Sis, Asking for what you want does not make you thirsty.

Updated: Oct 18, 2020



There are so many times in my discussions with women where I hear reservations around asking certain questions during the early dating phase. Typically, these are questions that help to clarify a potential partner’s intentions and desires. Perhaps the single most uttered statement amid these reservations is “I don’t want to scare them off!” I hear concerns about “coming off too strong” or “looking thirsty.” First and foremost, what is it that you are looking for at this point in your dating life? Are you looking to casually date or looking for something more serious? Are you looking for a monogamous relationship or is your preference to date multiple people? In answering these questions for yourself be unapologetically clear on what you want. Society has done enough silence and disempower Black women without us further silencing ourselves. Do not silence yourself when it comes to love, Sis.

In my previous letters, I’ve talked about how identifying your wants and needs is the first step in expressing them. The next step is communicating them. Here’s the thing, if you are looking for marriage then there is no need to pretend that you aren’t. Those chill “I’m just open to meeting people and seeing where it goes” type of statements are not abundantly clear. Asking someone what they are looking for or hoping for in a relationship upfront does not make you thirsty, nor does communicating that you are looking for a serious relationship or even someone to settle down with. Having this conversation is not saying you want to marry them, rather it is being clear about your intentions in dating.

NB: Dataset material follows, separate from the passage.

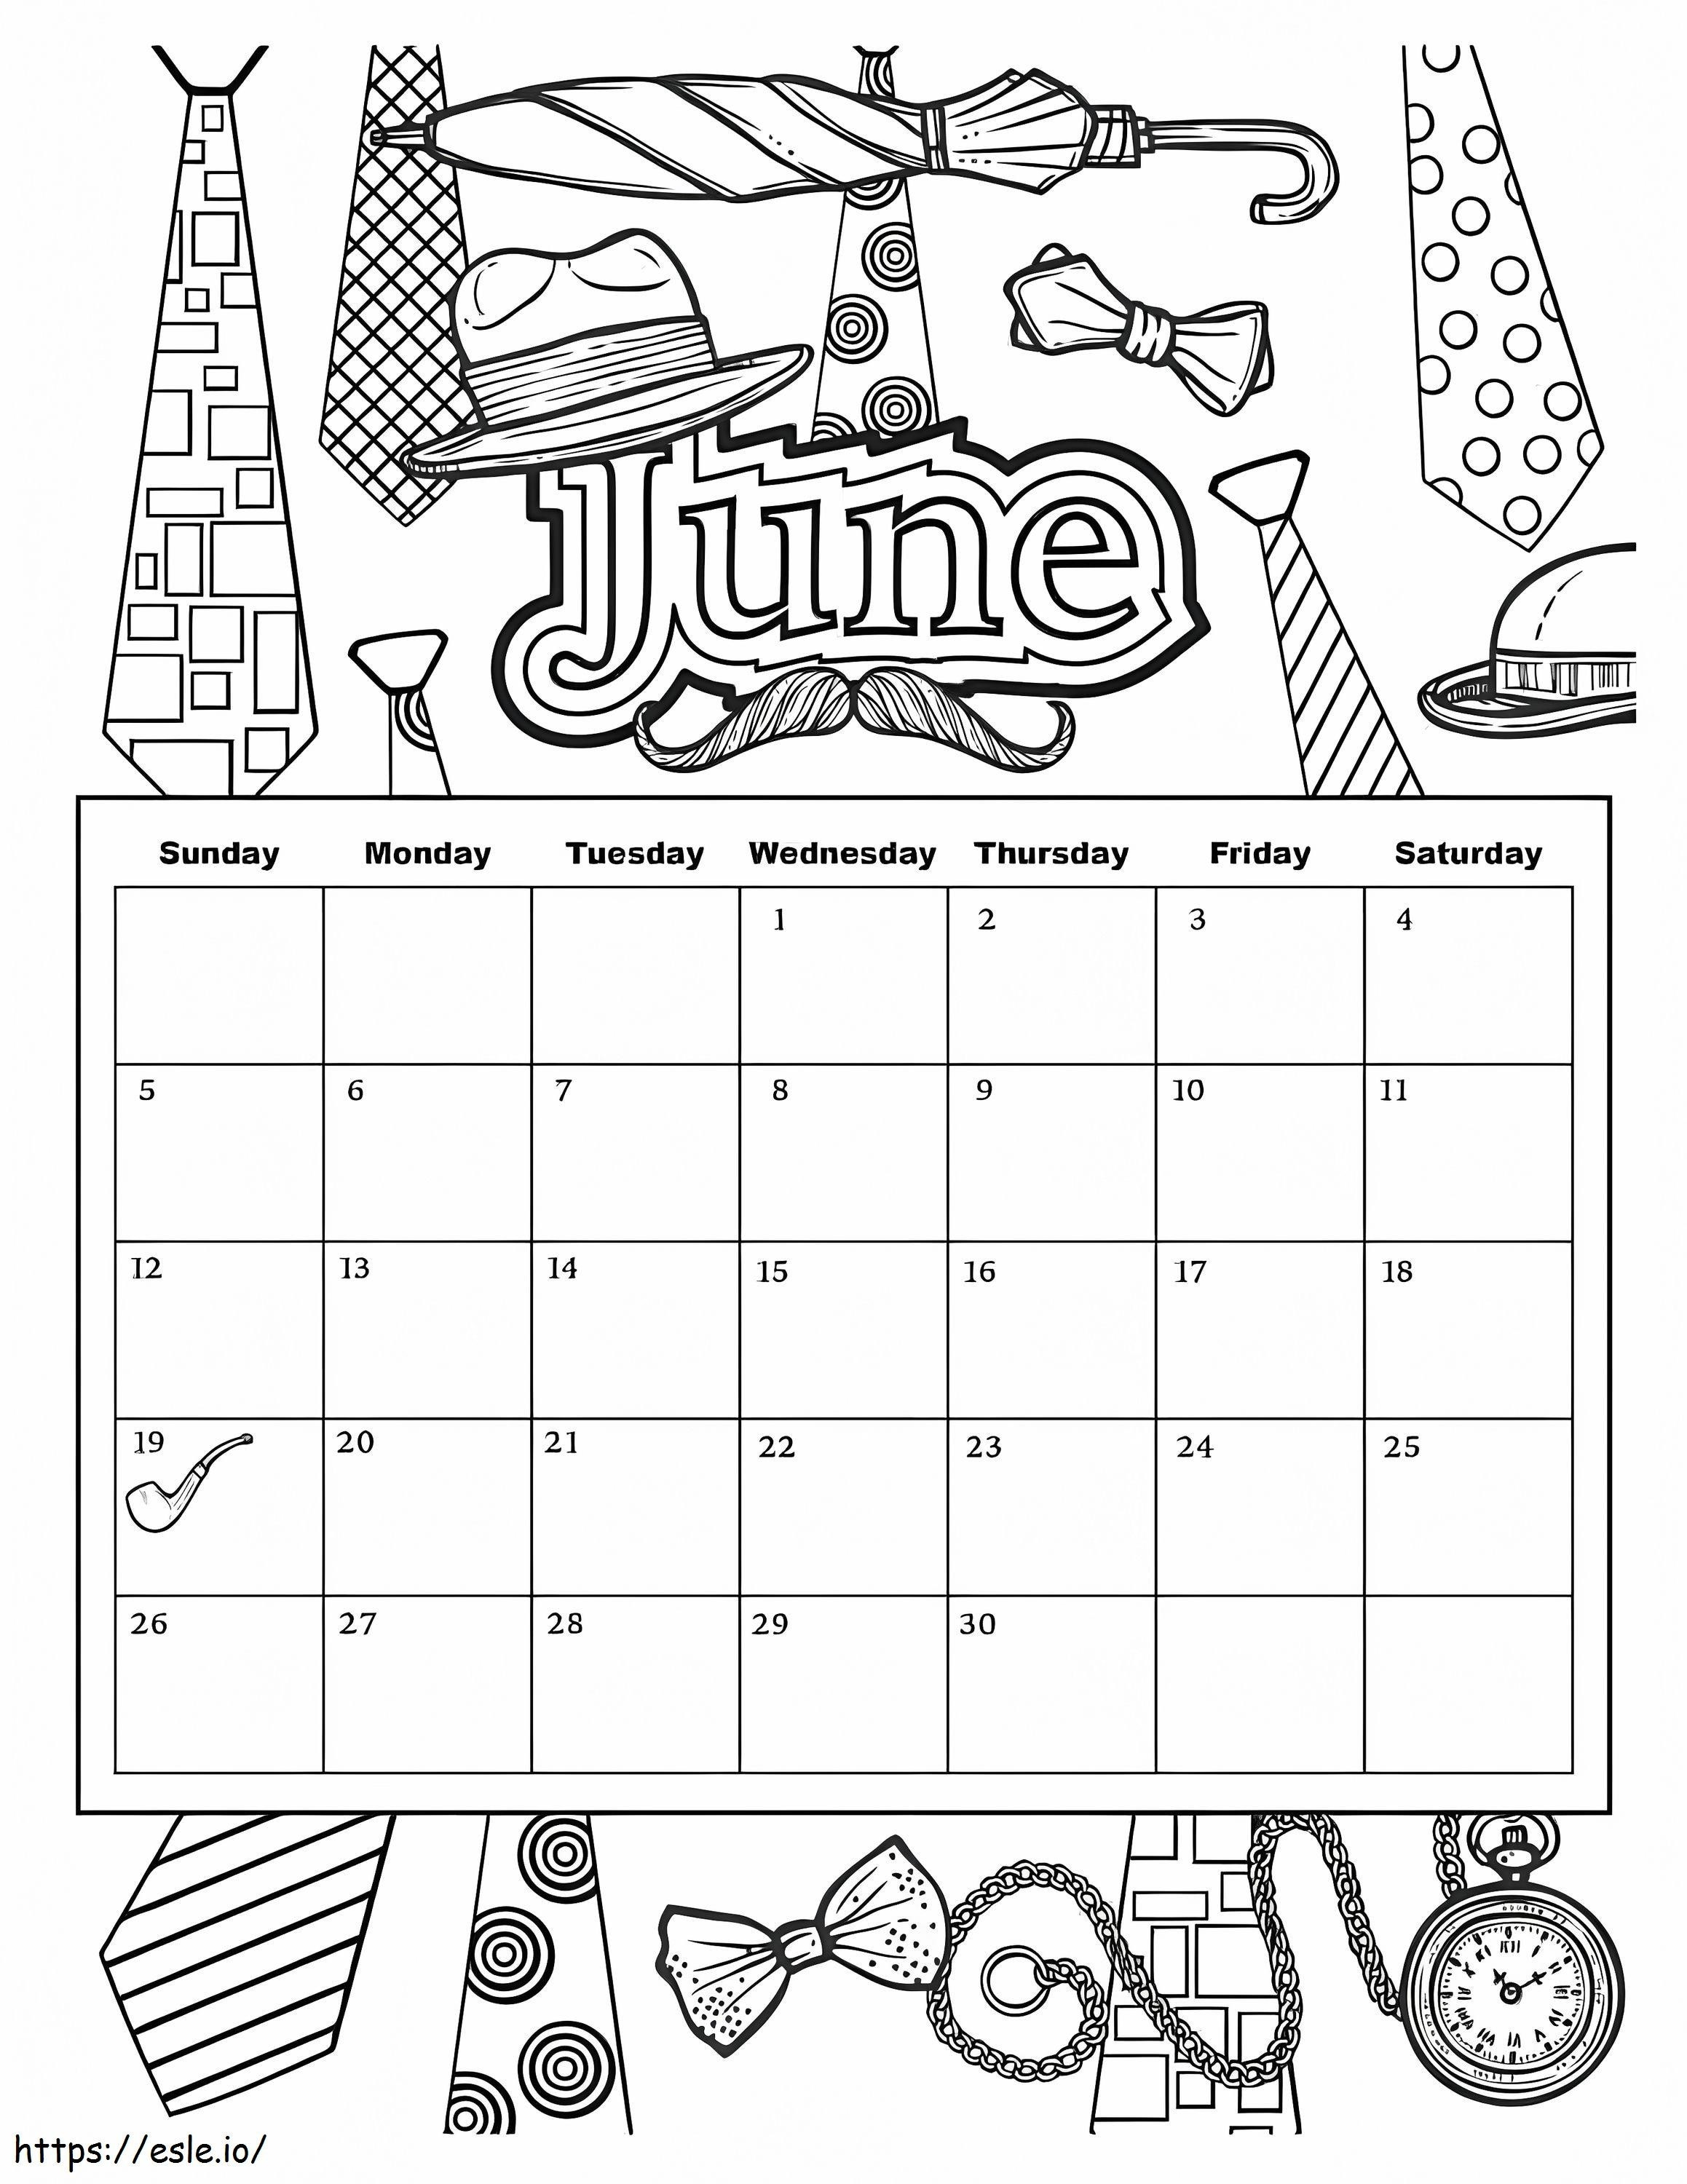 June Calendar coloring page
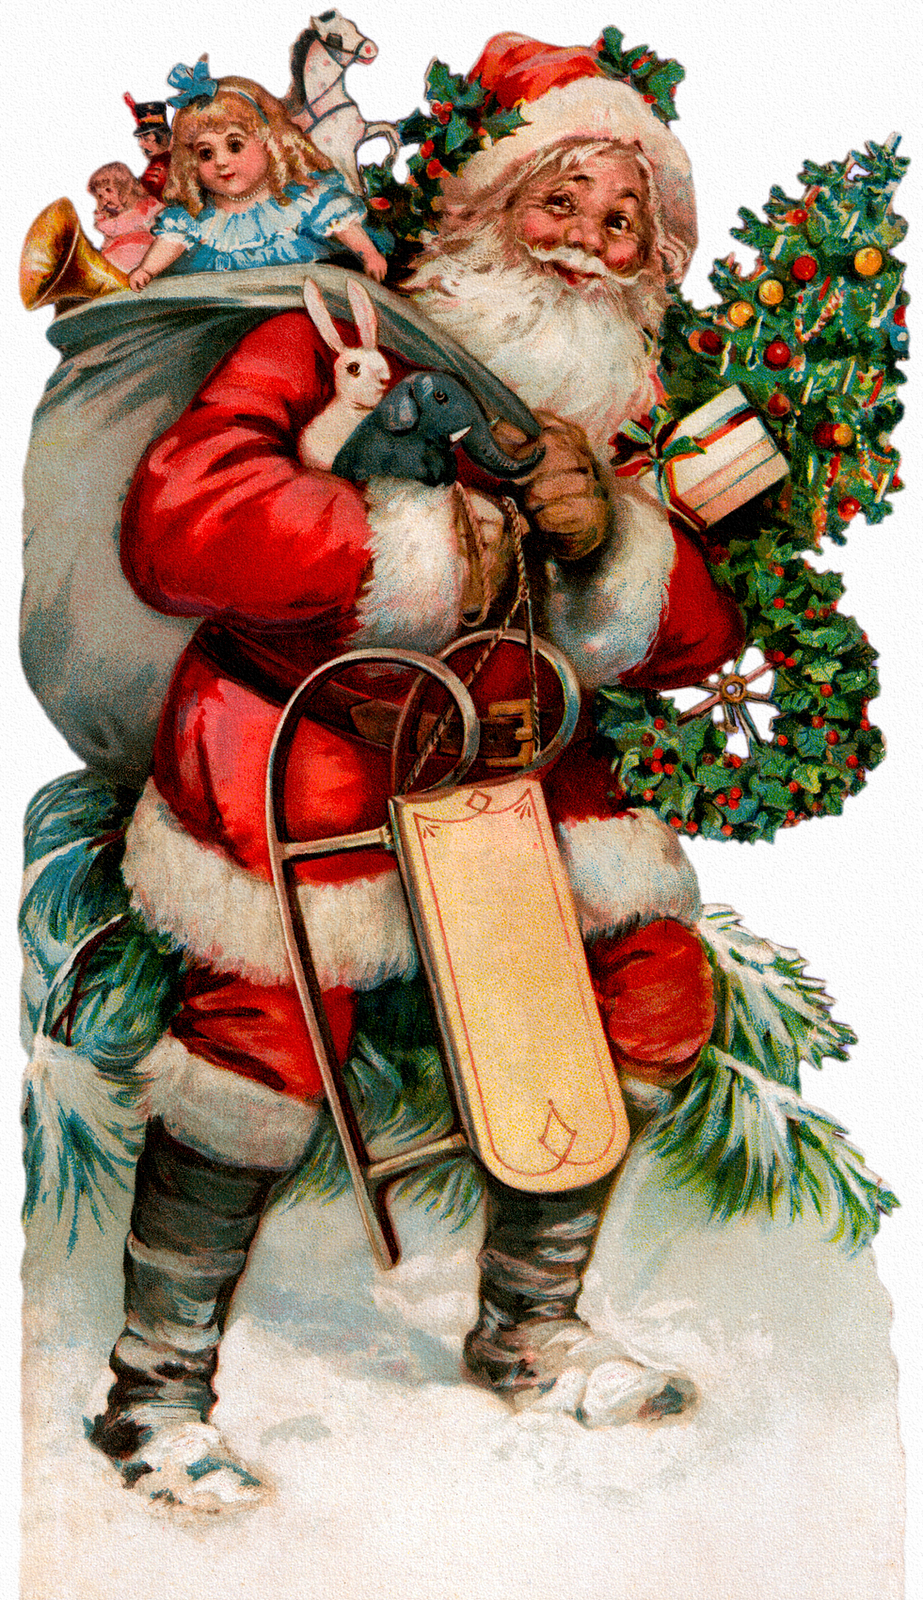 Vintage Santa Claus Cards and a Holiday wallpaper – The Long Goodbye

The moment you start communicating more explicitly is the moment you start more quickly weeding out people who have intentions that differ from yours. If they’re scared off, then you have gained some clarity. Let them clear the way for someone who is not frightened by you opening up about what you want. Remember how Auntie and them always told us “a closed mouth don’t get fed,” well Sis, turns out they had a point. While some of us may have internalized the idea that our voices don’t matter, the more you practice speaking up, the more empowered you feel do so. The nice thing about doing this when it comes to love is it allows you to see how this person responds to you expressing your wants and needs. While there are risks involved, there’s also the opportunity for great reward. It sets the tone for open communication at the outset of a romantic relationship. You also lay the foundation for expressing your various needs within your relationships. Sis, I’m talking from the kitchen to the bedroom, ask for what you need. Imagine the person who responds to your needs in ways that are caring and reassuring. One of the greatest gifts is to feel seen, heard, and validated and I’m telling you, Sis, you deserve it.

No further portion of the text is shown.